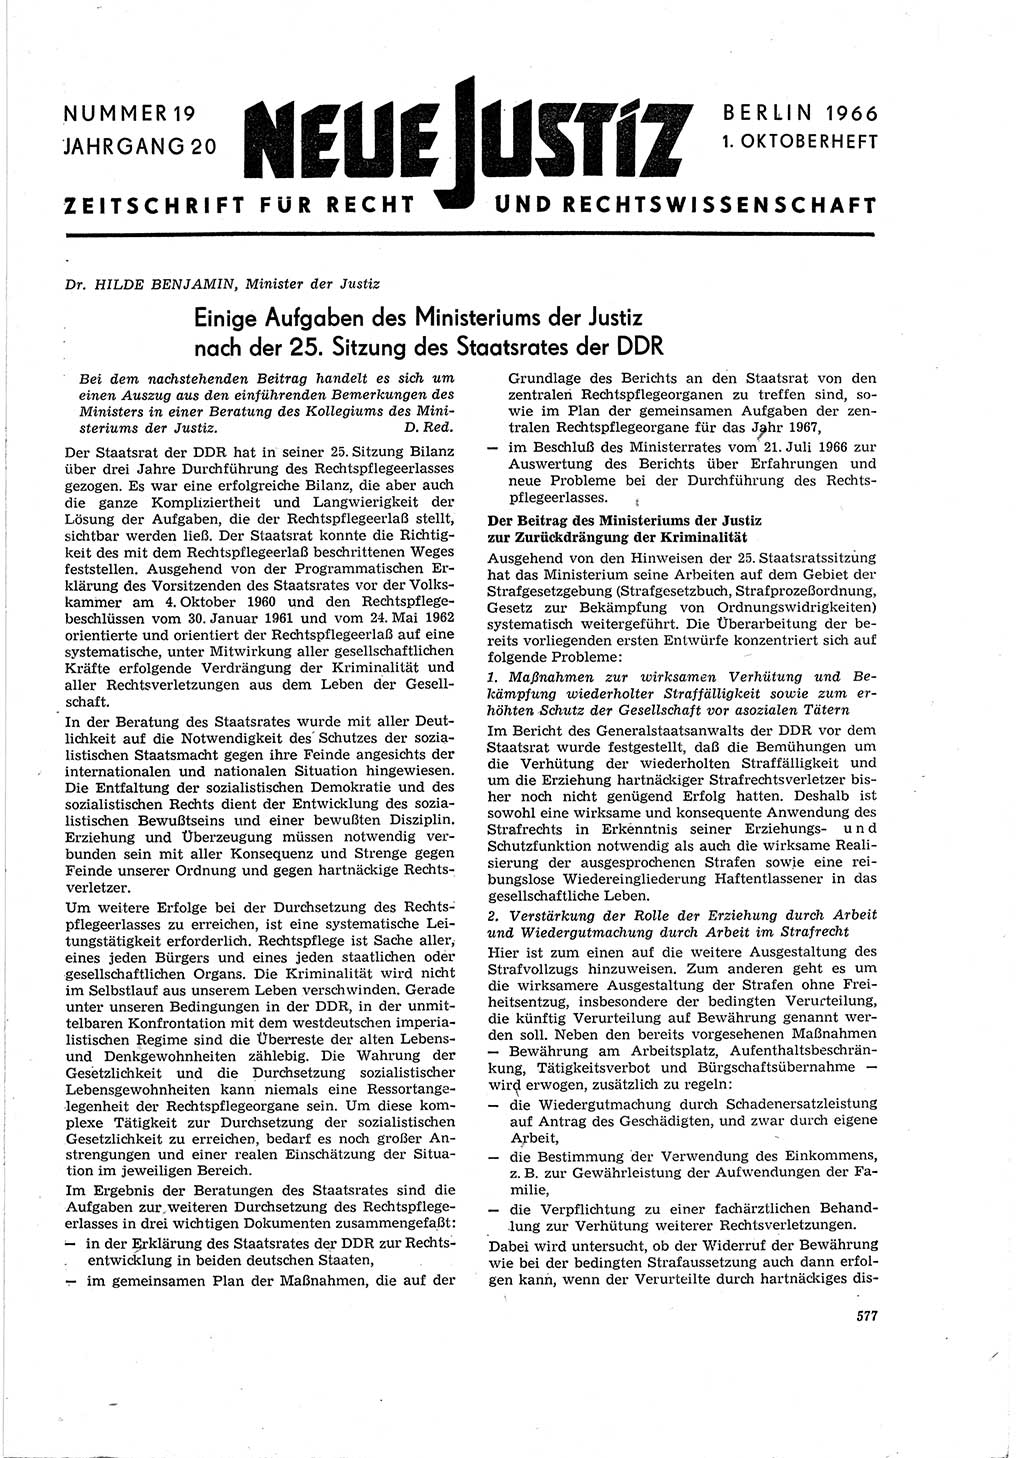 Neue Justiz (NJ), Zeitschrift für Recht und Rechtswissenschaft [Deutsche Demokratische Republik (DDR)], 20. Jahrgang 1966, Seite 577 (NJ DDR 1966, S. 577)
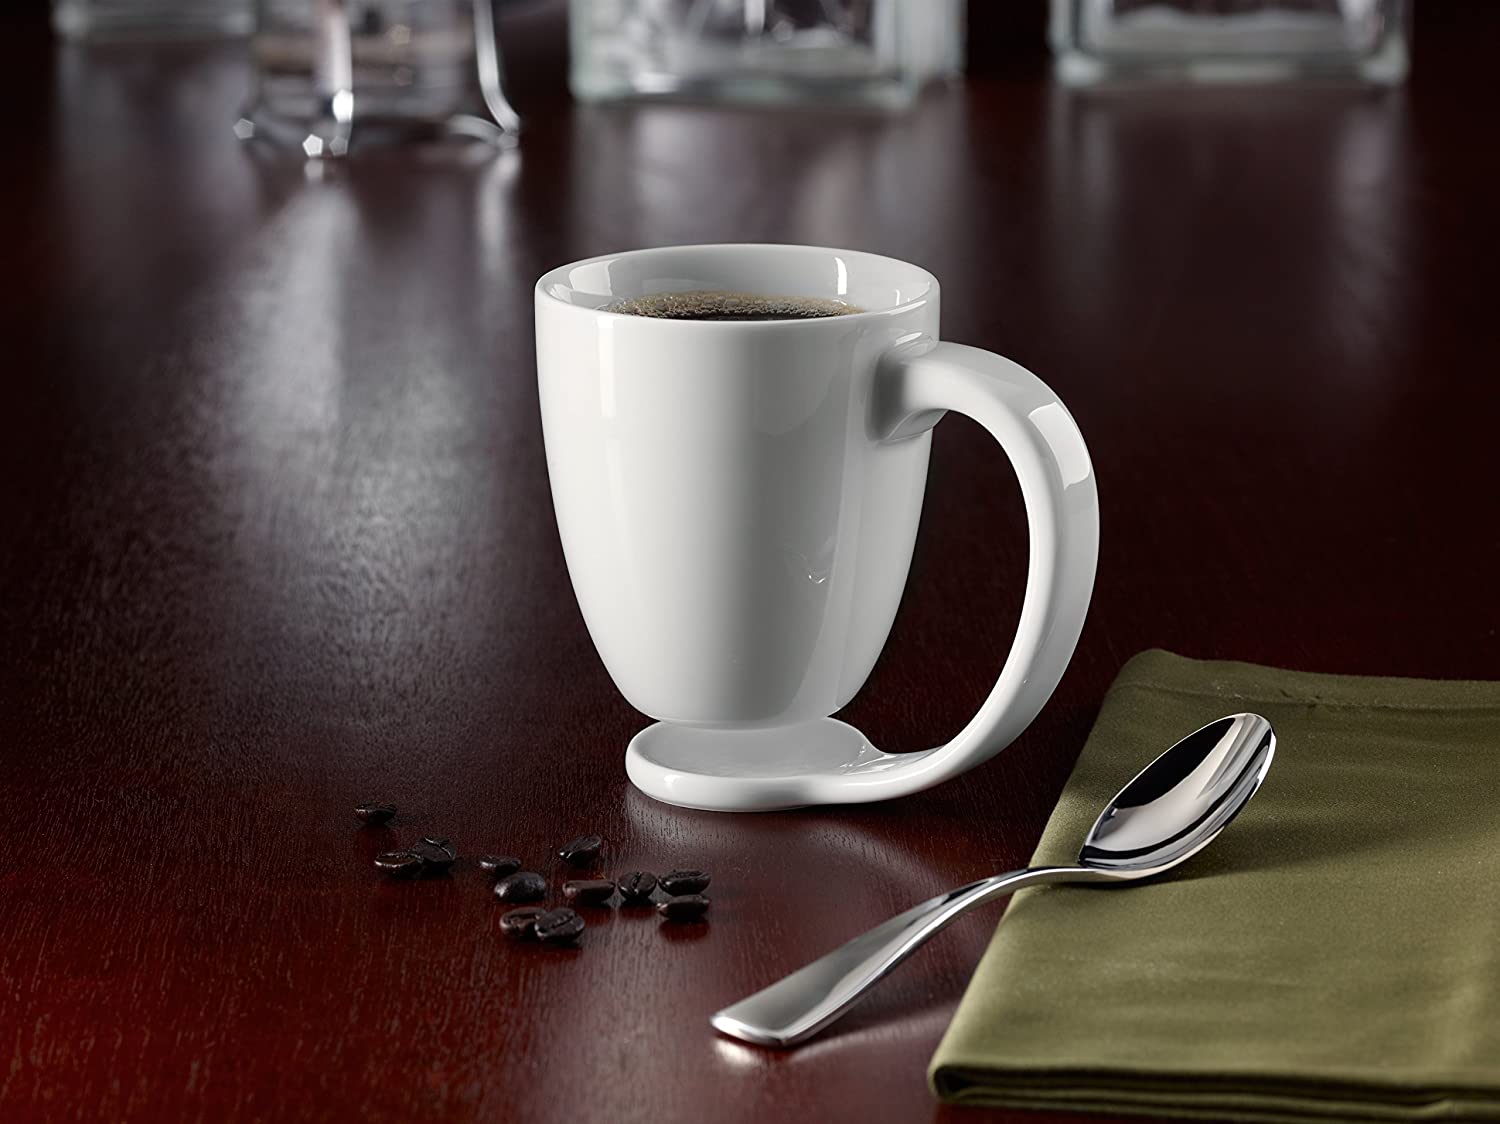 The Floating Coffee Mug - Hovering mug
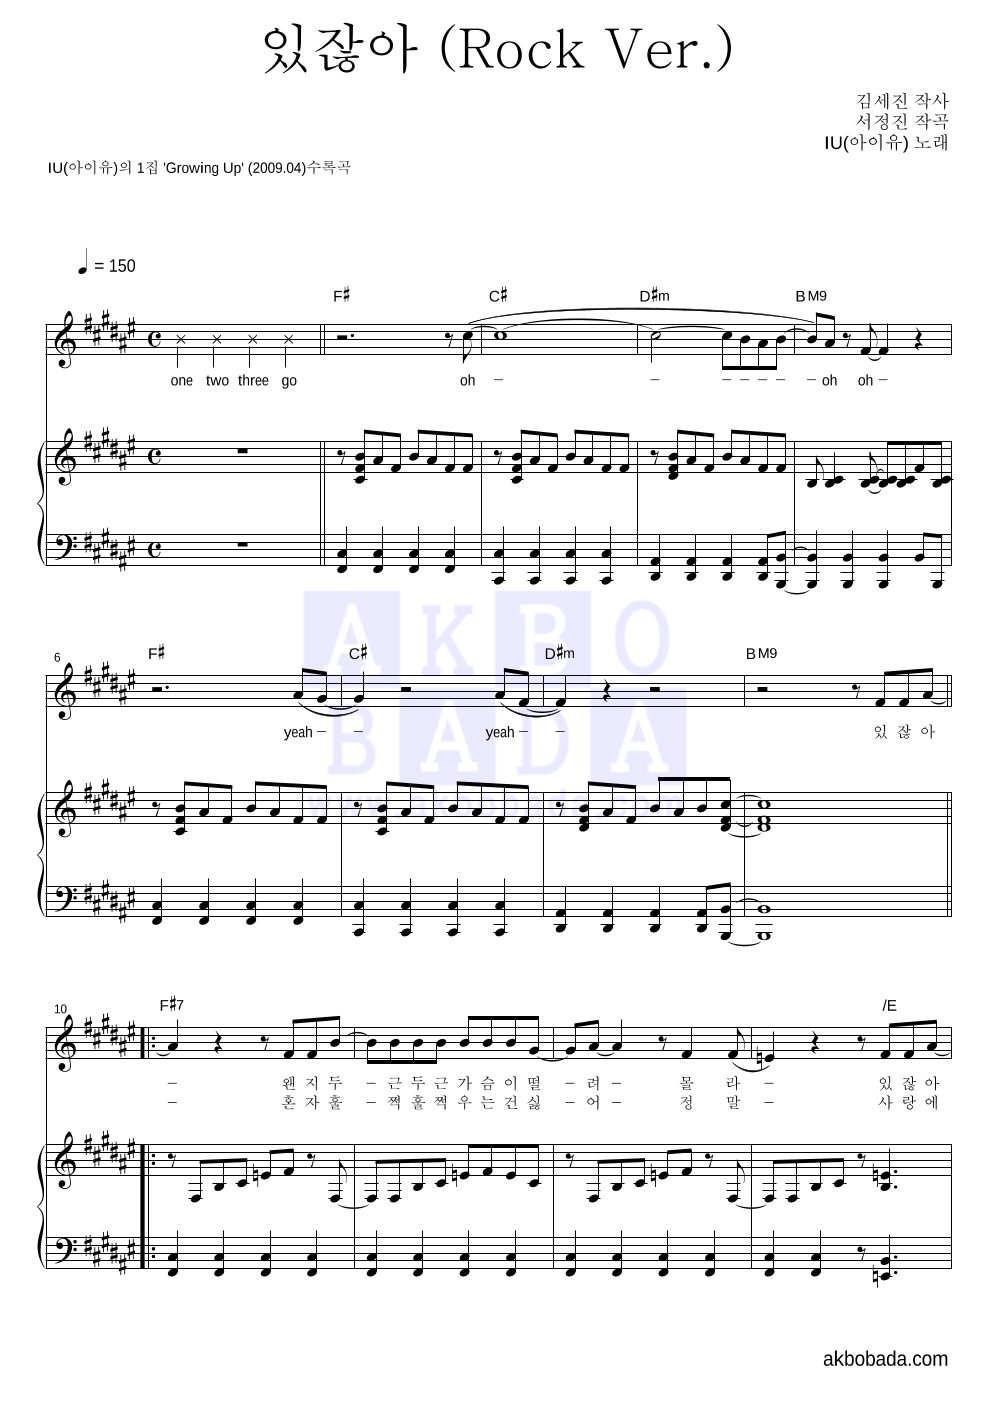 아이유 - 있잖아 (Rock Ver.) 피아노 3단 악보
---
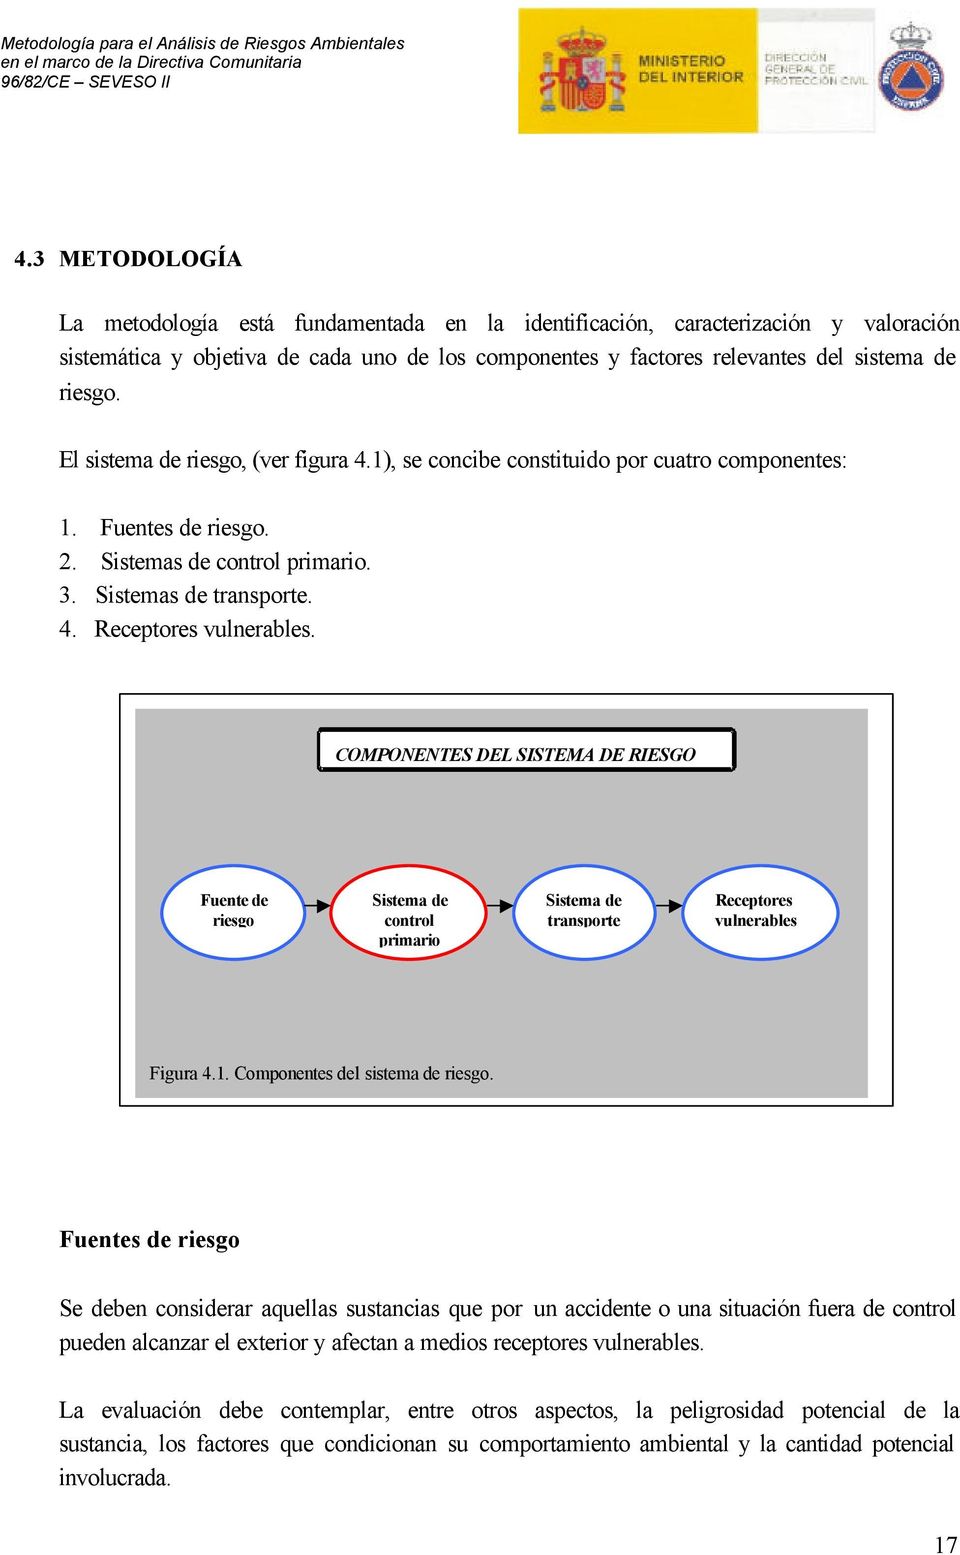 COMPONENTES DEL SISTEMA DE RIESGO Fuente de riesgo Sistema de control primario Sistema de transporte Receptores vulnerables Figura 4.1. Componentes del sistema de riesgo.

> _What is being asked_
Using the data above, which lines fall from the one with "Neue Justiz (NJ), Zeitschrift" through the one with "아이유 - 있잖아 (Rock Ver.) 피아노 3단 악보"? Repeat them exactly, ends included, minus any pictures.

> _Expected answer_
 Neue Justiz (NJ), Zeitschrift für Recht und Rechtswissenschaft [Deutsche Demokratische Republik (DDR)], 20. Jahrgang 1966, Seite 577 (NJ DDR 1966, S. 577)
 The Floating Coffee Mug - Hovering mug
 아이유 - 있잖아 (Rock Ver.) 피아노 3단 악보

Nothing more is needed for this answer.